# Rain Suit



## Thomas D (Jan 27, 2003)

Landing to replace current rain suit. 
What’s a good brand to buy? 
Want zippered legs, light weight and black.
Thanks.


----------



## BonMallari (Feb 7, 2008)

Dry Joy by Foot Joy...or Zero Restriction.....they are both golf apparel, but when you said black that narrowed the field...I have worn both and own both...the Dry Joy is probably better at shedding water but my new Zero Restriction is the best windbreaker/rain jacket that allows me to swing a golf club and thats more movement than most dog trainers....the bad news neither was cheap


----------



## EdA (May 13, 2003)

Thomas D said:


> Landing to replace current rain suit.
> What’s a good brand to buy?
> Want zippered legs, light weight and black.
> Thanks.


KUIU, pants have zipper fly and full length leg zippers, choose color gunmetal

https://www.kuiu.com/waterproof-hunting-pants-1/chugach-nx-rain-pant/41002.html?dwvar_41002_color=Verde2.0&cgid=bottoms-rain#start=1

https://www.kuiu.com/waterproof-hun...l?dwvar_51003_color=Verde2.0&cgid=jacket-rain


----------



## Don Smith (Mar 23, 2004)

I got my last rain suit through the Purina ProClub.

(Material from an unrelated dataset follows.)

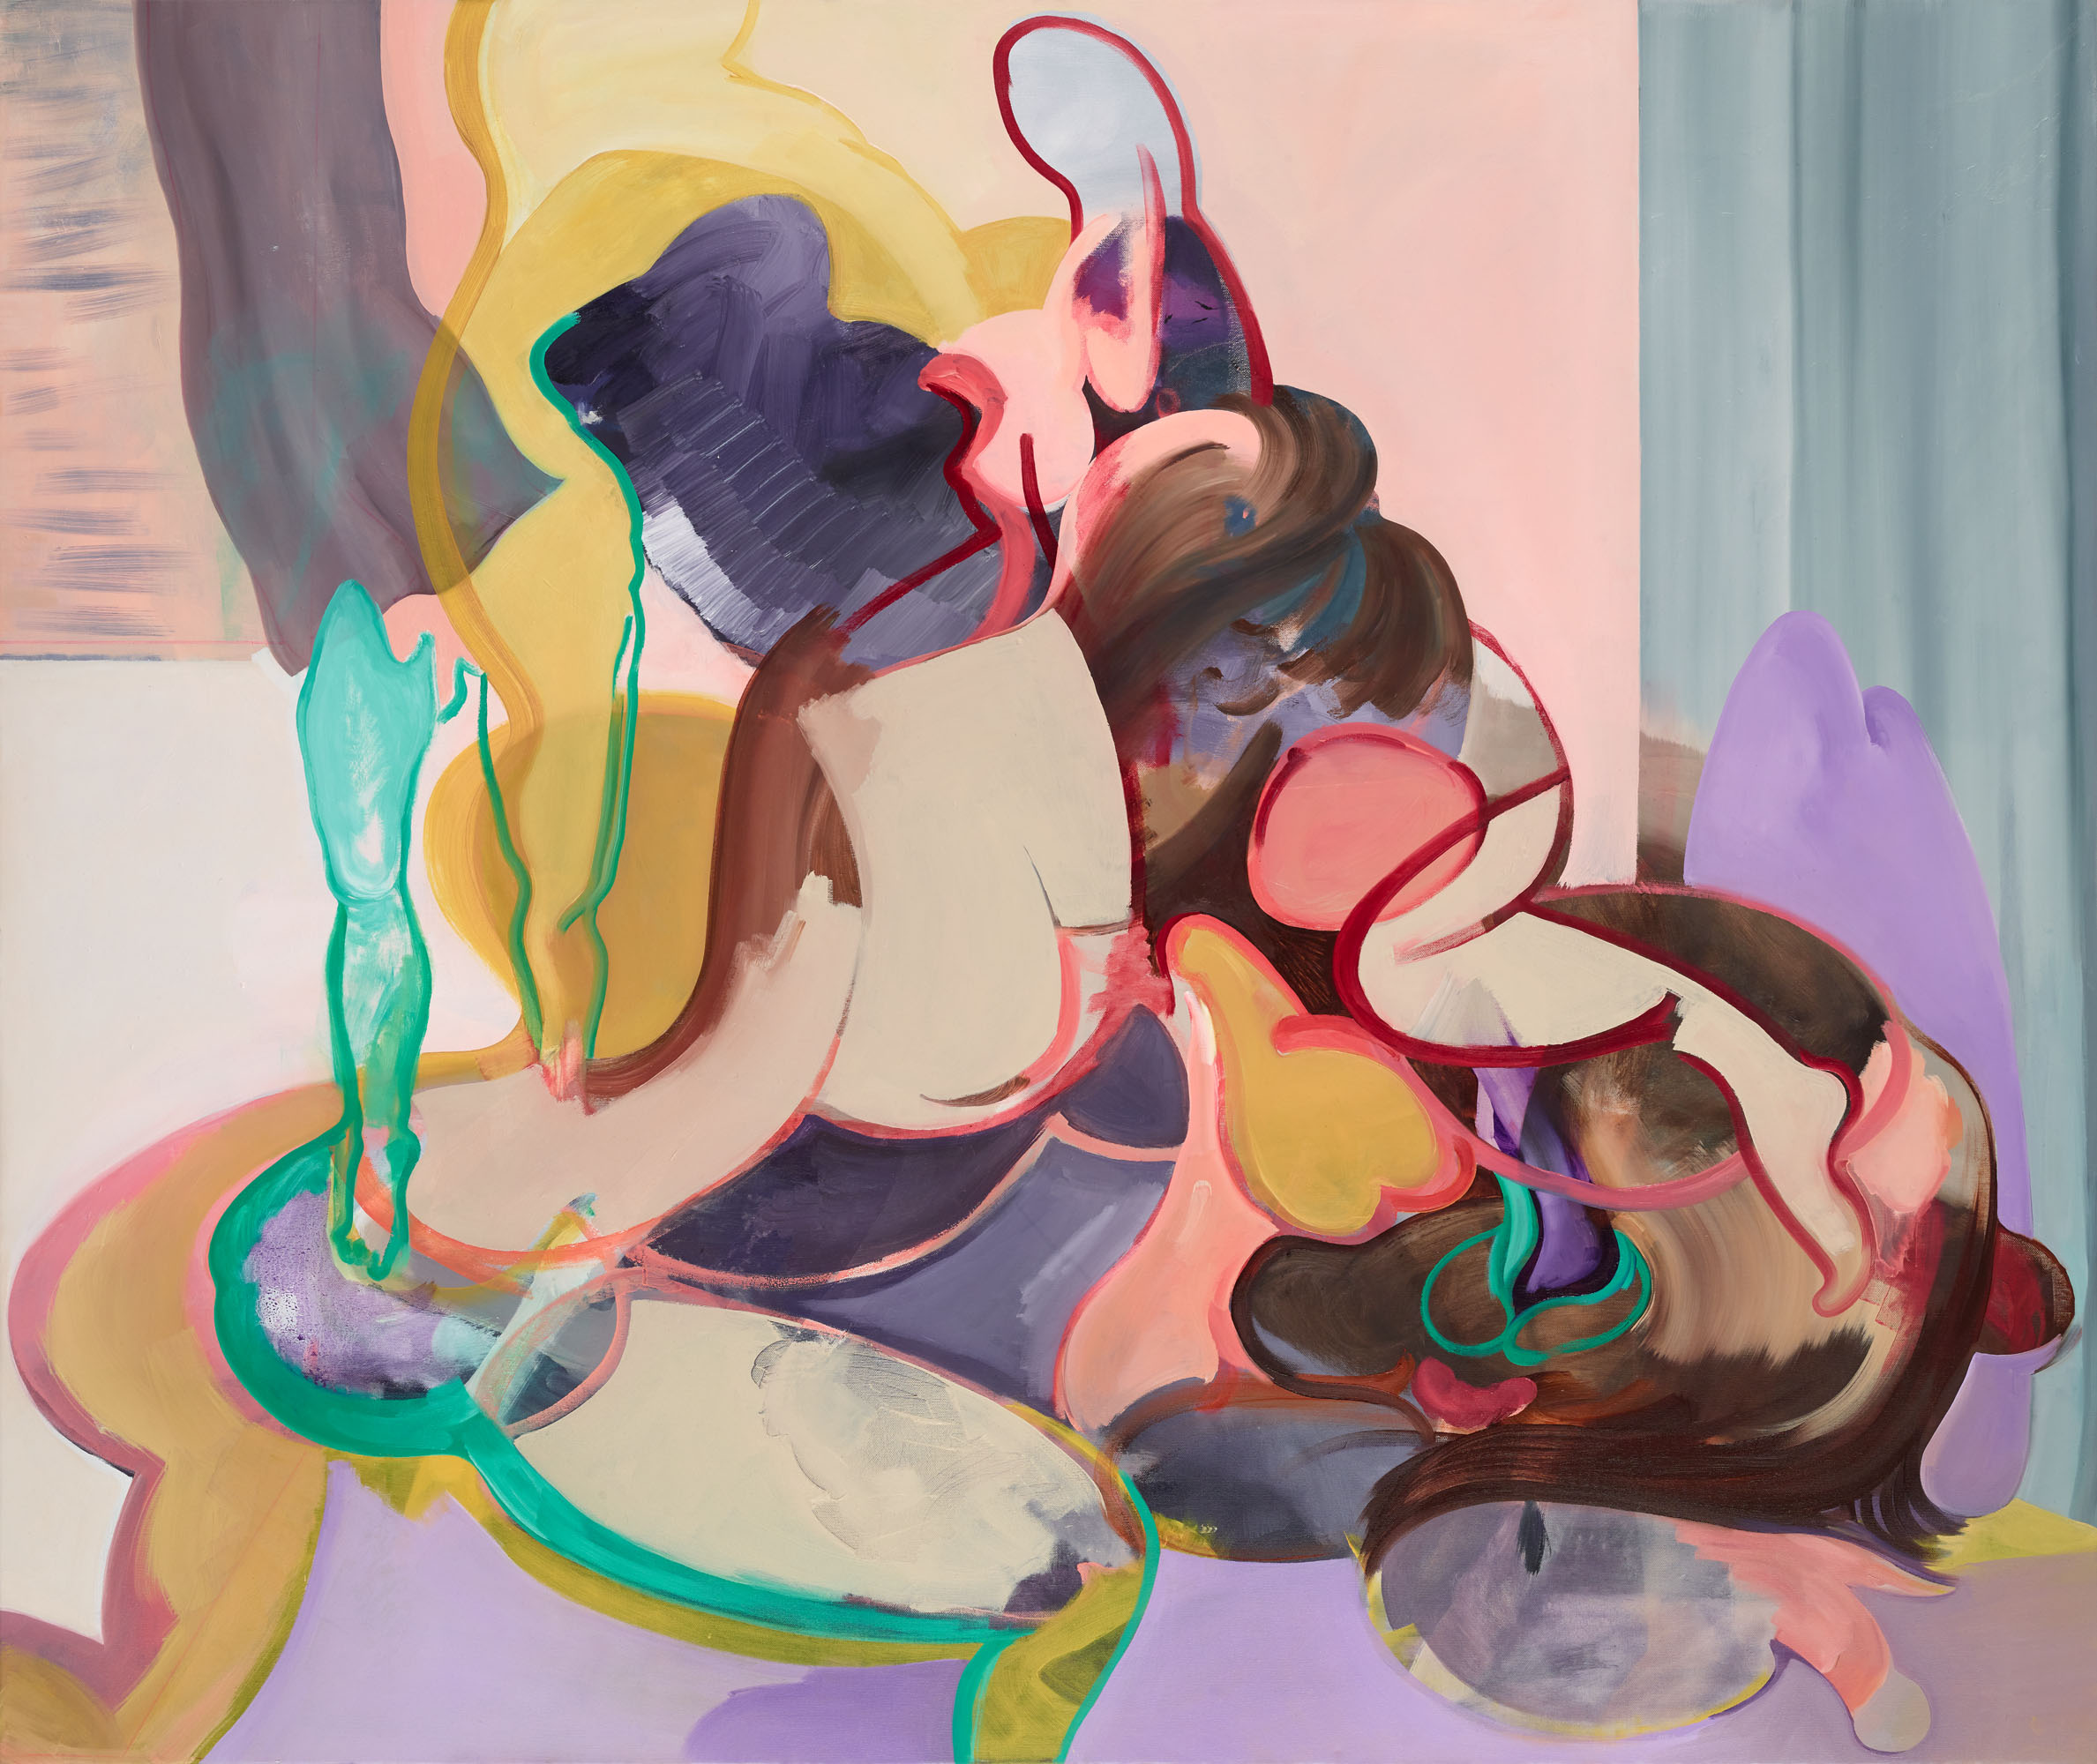 Egle Otto Malerei painting Öl auf Leinwand oil on painting contemporary art contemporary artist Gegenwartskunst Künstlerin female artist female art Oil on canvas body female gaze

If you're a member, you might want to look at it. https://www.1.awardhq.com/152716LPD...aster-waterproof-rain-suit/_/A-RP25267?skuId=


----------



## Reginald (Apr 18, 2018)

EdA said:


> KUIU, pants have zipper fly and full length leg zippers, choose color gunmetal
> 
> https://www.kuiu.com/waterproof-hunting-pants-1/chugach-nx-rain-pant/41002.html?dwvar_41002_color=Verde2.0&cgid=bottoms-rain#start=1
> 
> https://www.kuiu.com/waterproof-hun...l?dwvar_51003_color=Verde2.0&cgid=jacket-rain


Ed,

How do these compare to say a Gortex material?

Thanks


----------



## Trent Goree (Aug 10, 2005)

I agree with Dr. Ed. Kuiu makde some of the best stuff I've ever worn. Cabela's also have some really nice rain gear in the Guidewear Series




EdA said:


> KUIU, pants have zipper fly and full length leg zippers, choose color gunmetal
> 
> https://www.kuiu.com/waterproof-hunting-pants-1/chugach-nx-rain-pant/41002.html?dwvar_41002_color=Verde2.0&cgid=bottoms-rain#start=1
> 
> https://www.kuiu.com/waterproof-hun...l?dwvar_51003_color=Verde2.0&cgid=jacket-rain


----------



## badbullgator (Dec 20, 2004)

EdA said:


> Thomas D said:
> 
> 
> > Landing to replace current rain suit.
> ...


Tom
I agree with Ed as far as pants go. My go to jacket, at least for our summer rain, is a frog togg.


----------



## EdA (May 13, 2003)

Reginald said:


> Ed,
> 
> How do these compare to say a Gortex material?
> 
> Thanks


Better I think


----------